*Supplied material*
_____

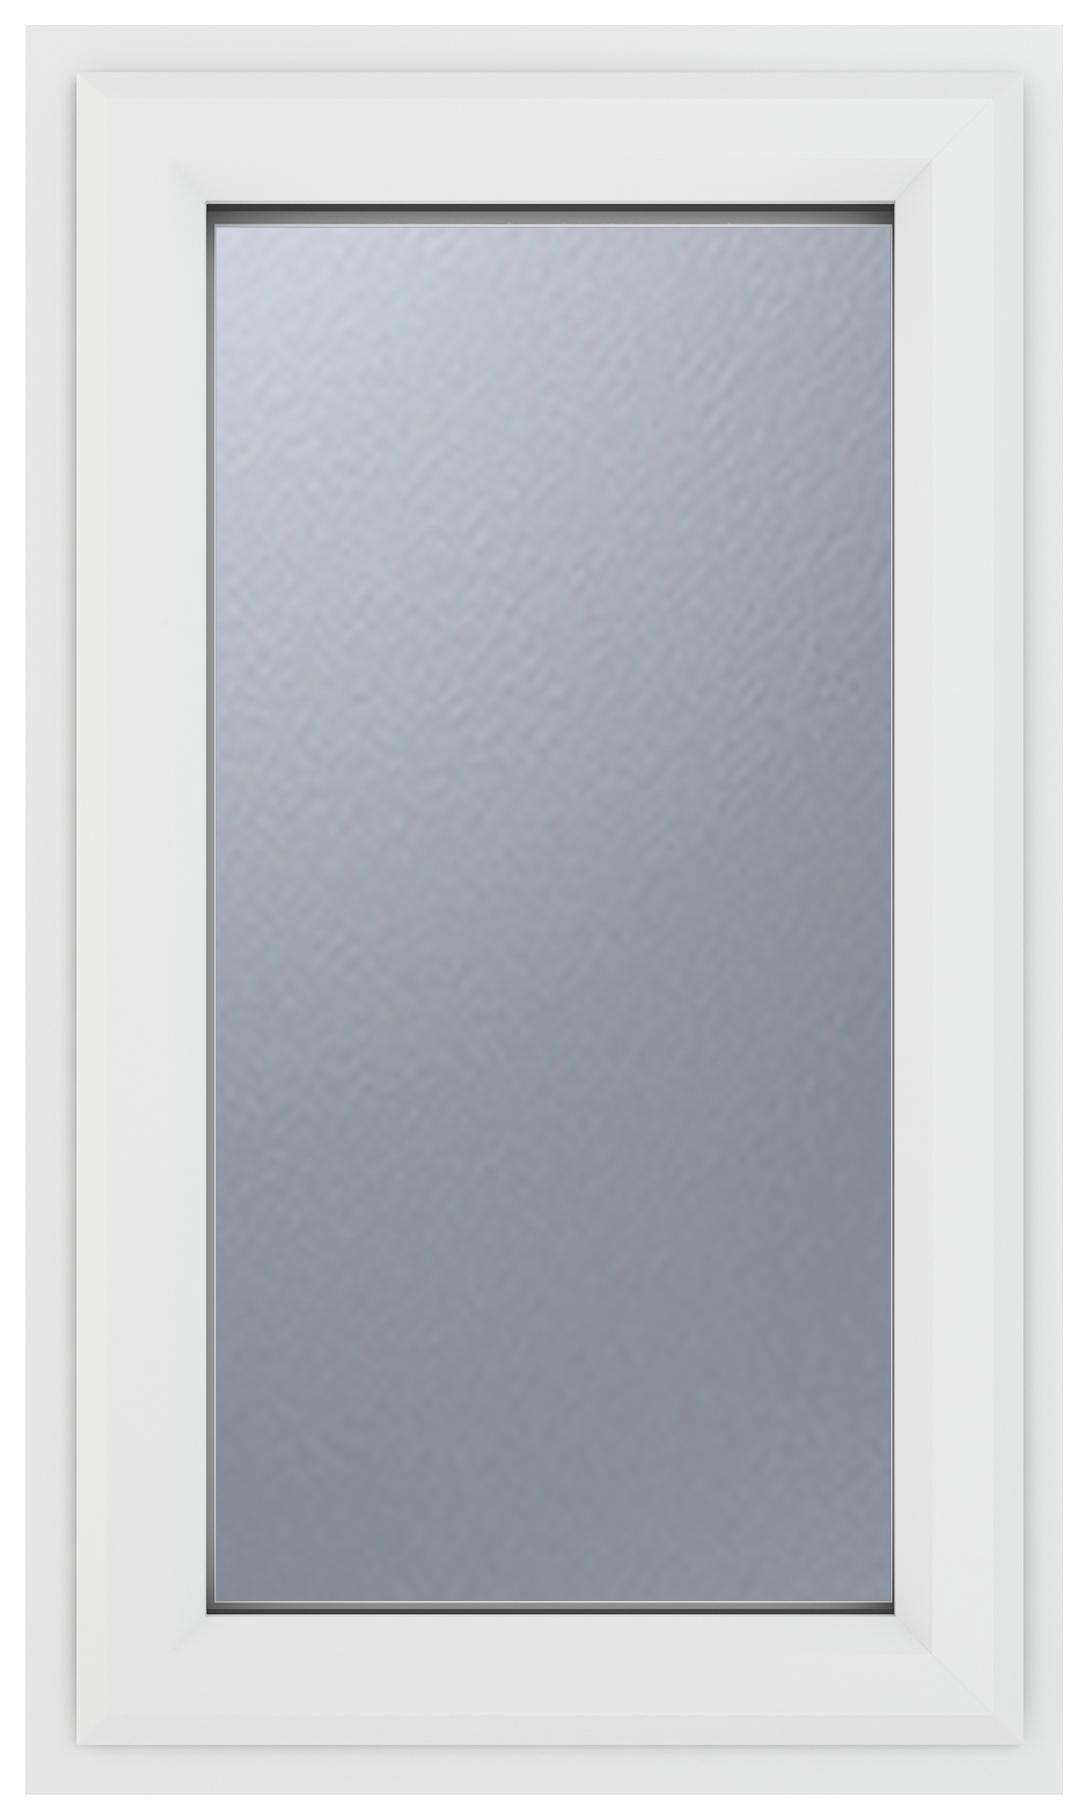 Crystal uPVC White Top Opener Obscure Double Glazed Window - 610 x 1040mm
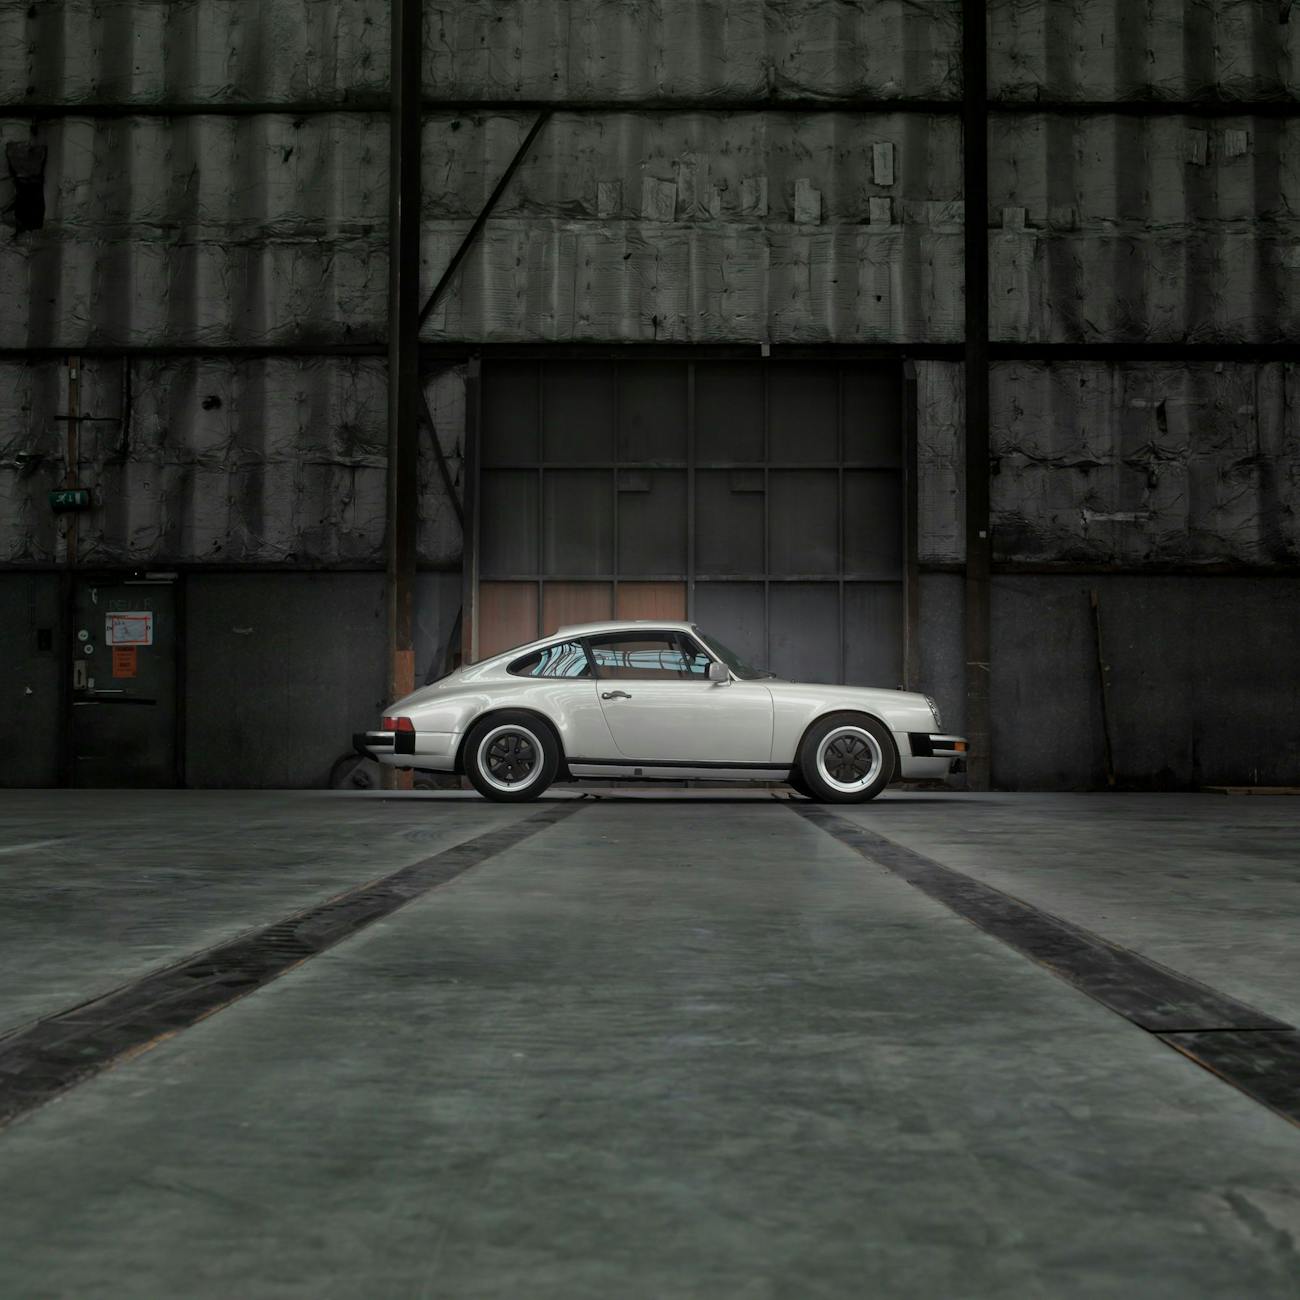 Zinmetallic Porsche 911 SC in a hangar
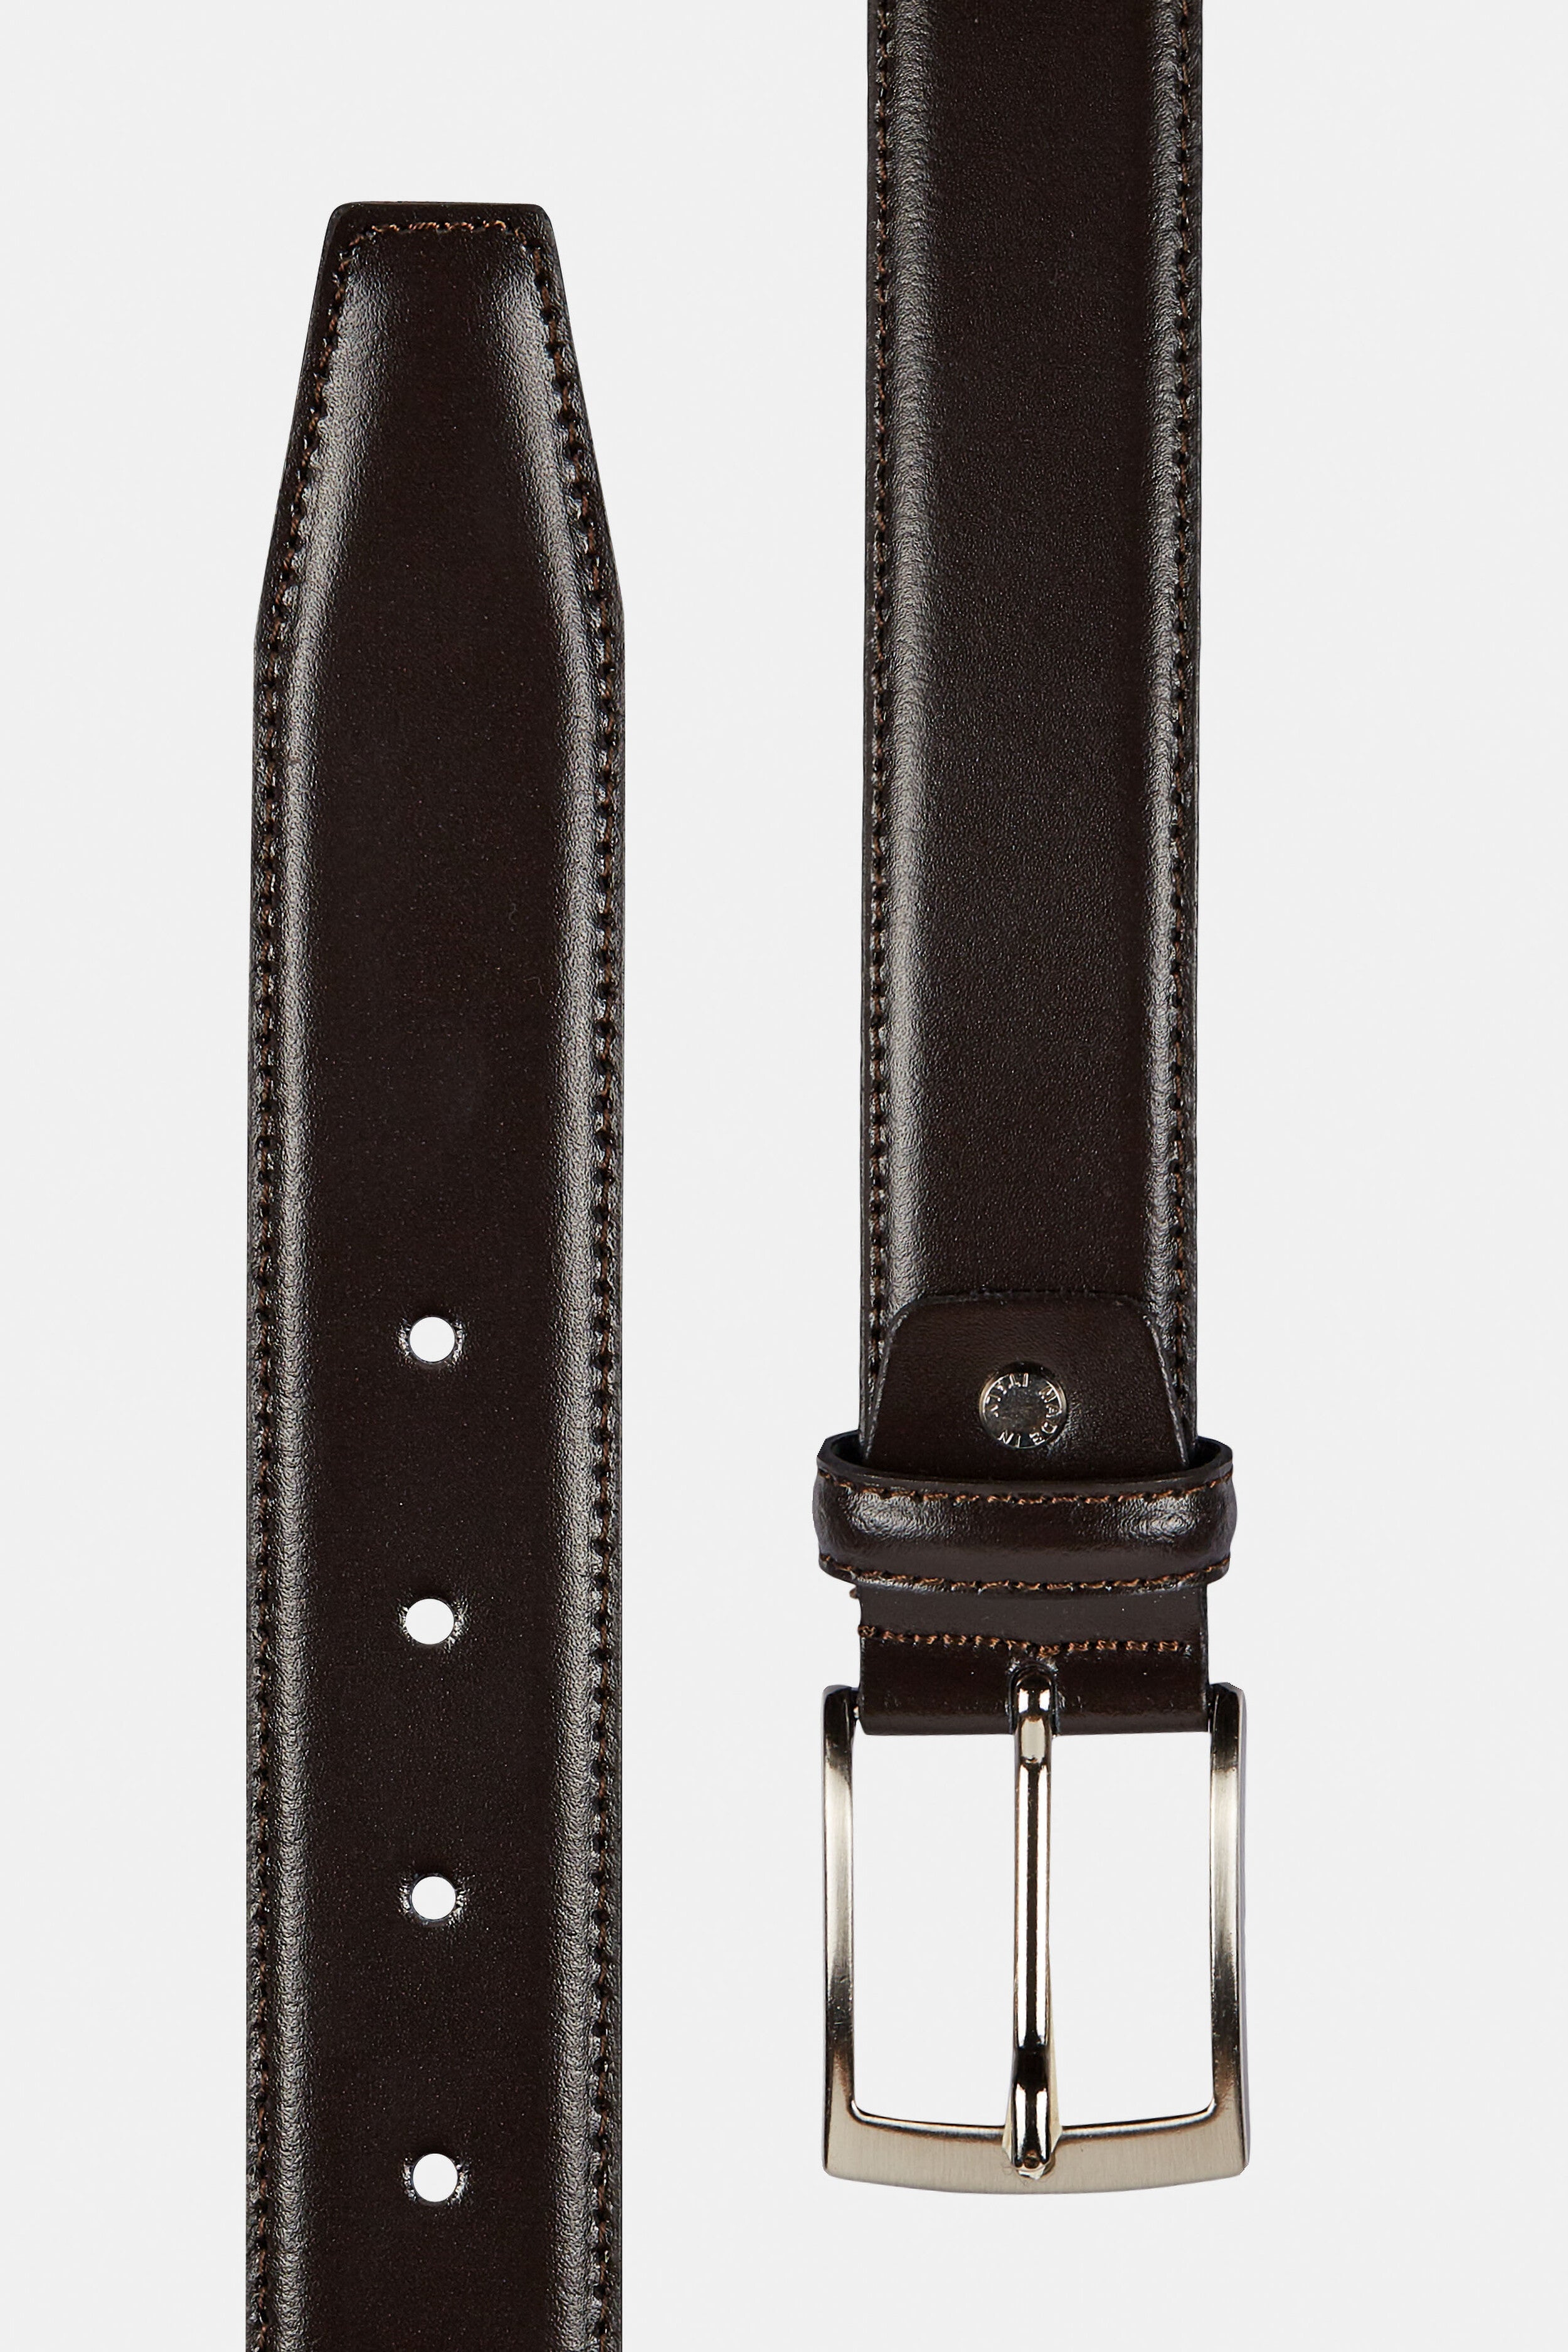 Men’s leather belt - Dark brown

_____

*Assigned task*
In the printed copy, the material above must appear unchanged and without its pictures.

*Output below*
 Crystal uPVC White Top Opener Obscure Double Glazed Window - 610 x 1040mm
 Zinmetallic Porsche 911 SC in a hangar
 Men’s leather belt - Dark brown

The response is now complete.